Speaking up about what I went through as a child took a lot of courage. I never thought that I could one day be so open about it and share it in my music. Today I had a radio interview for East Side 89.7fm and spoke about it further. Sometimes, it takes speaking about what goes on behind closed doors to truly make a difference. I feel that its important to ask questions like “what do children need?” I know the answer from my own childhood, and it was to have a safe and secure home, free of violence and abuse, and a father that loved and protected me. But unfortunately, for too many children (boys and girls) home is far from a safe haven. Every year, hundreds of millions of children are exposed to domestic violence at home, and this has a powerful and profound impact on their lives and hopes for the future. These children not only watch one parent violently assaulting another, they often hear the distressing sounds of violence and abuse far too early on in age.
Violence against women and girls continues to be a global epidemic that kills, tortures, and maims physically, psychologically, sexually and economically.
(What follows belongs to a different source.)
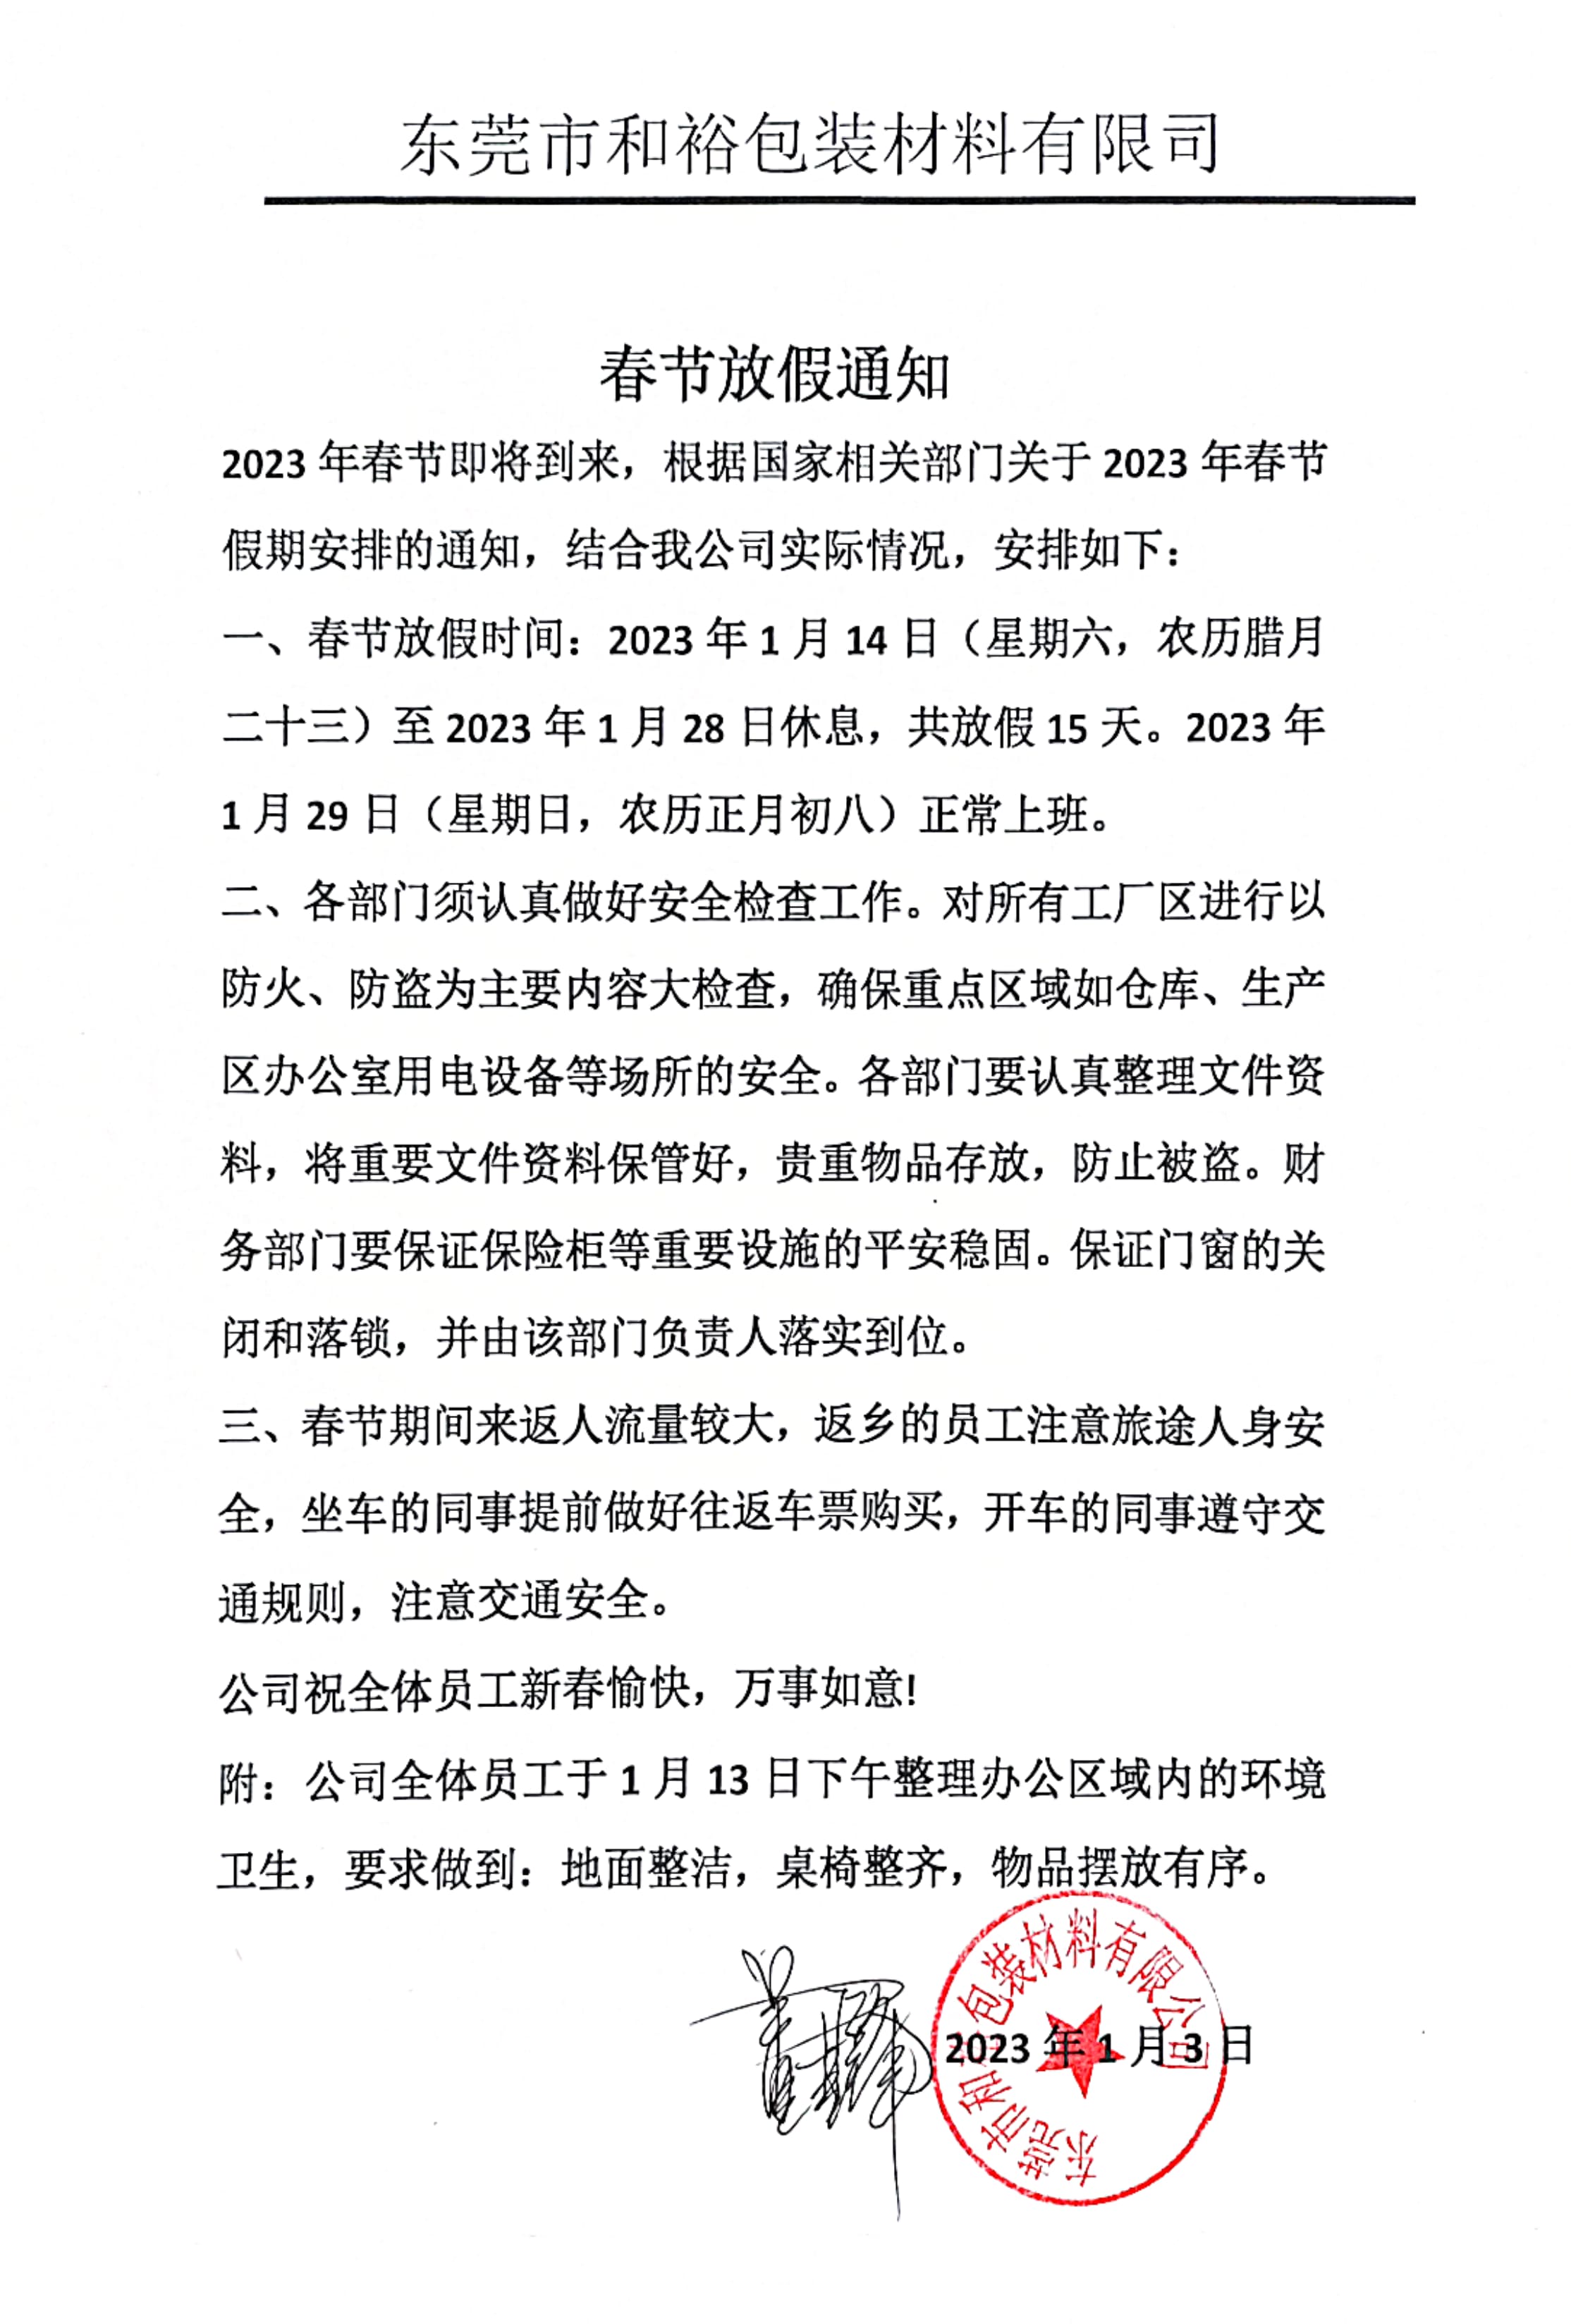 九龙坡区2023年和裕包装春节放假通知

It is one of the most pervasive of human rights violations, denying women and girls equality, security, dignity, self-worth, and their right to enjoy fundamental freedoms.
Violence against women is present in every country, cutting across boundaries of culture, class, education, income, ethnicity and age. Even though most societies proscribe violence against women, the reality is that violations against women’s human rights are often sanctioned under the garb of cultural practices and norms, or through misinterpretation of religious tenets. Moreover, when the violation takes place within the home, as is very often the case, the abuse is effectively condoned by the tacit silence and the passivity displayed by the state and the law enforcing machinery.
The global dimensions of this violence are alarming, as highlighted by studies on its incidence and prevalence. No society can claim to be free of such violence, the only variation is in the patterns and trends that exist in countries and regions. Specific groups of women are more vulnerable, including minority groups, indigenous and migrant women, refugee women and those in situations of armed conflict, women in institutions and detention, women with disabilities, female children, and elderly women.
My radio interview specifically focused on domestic violence, the most prevalent yet relatively hidden and ignored form of violence against women and girls. While reliable statistics are hard to come by, studies estimate that, from country to country, between 20 and 50 per cent of women have experienced physical violence at the hands of a man. This is such a massive number of women and another reason why I feel so strongly about speaking up against it.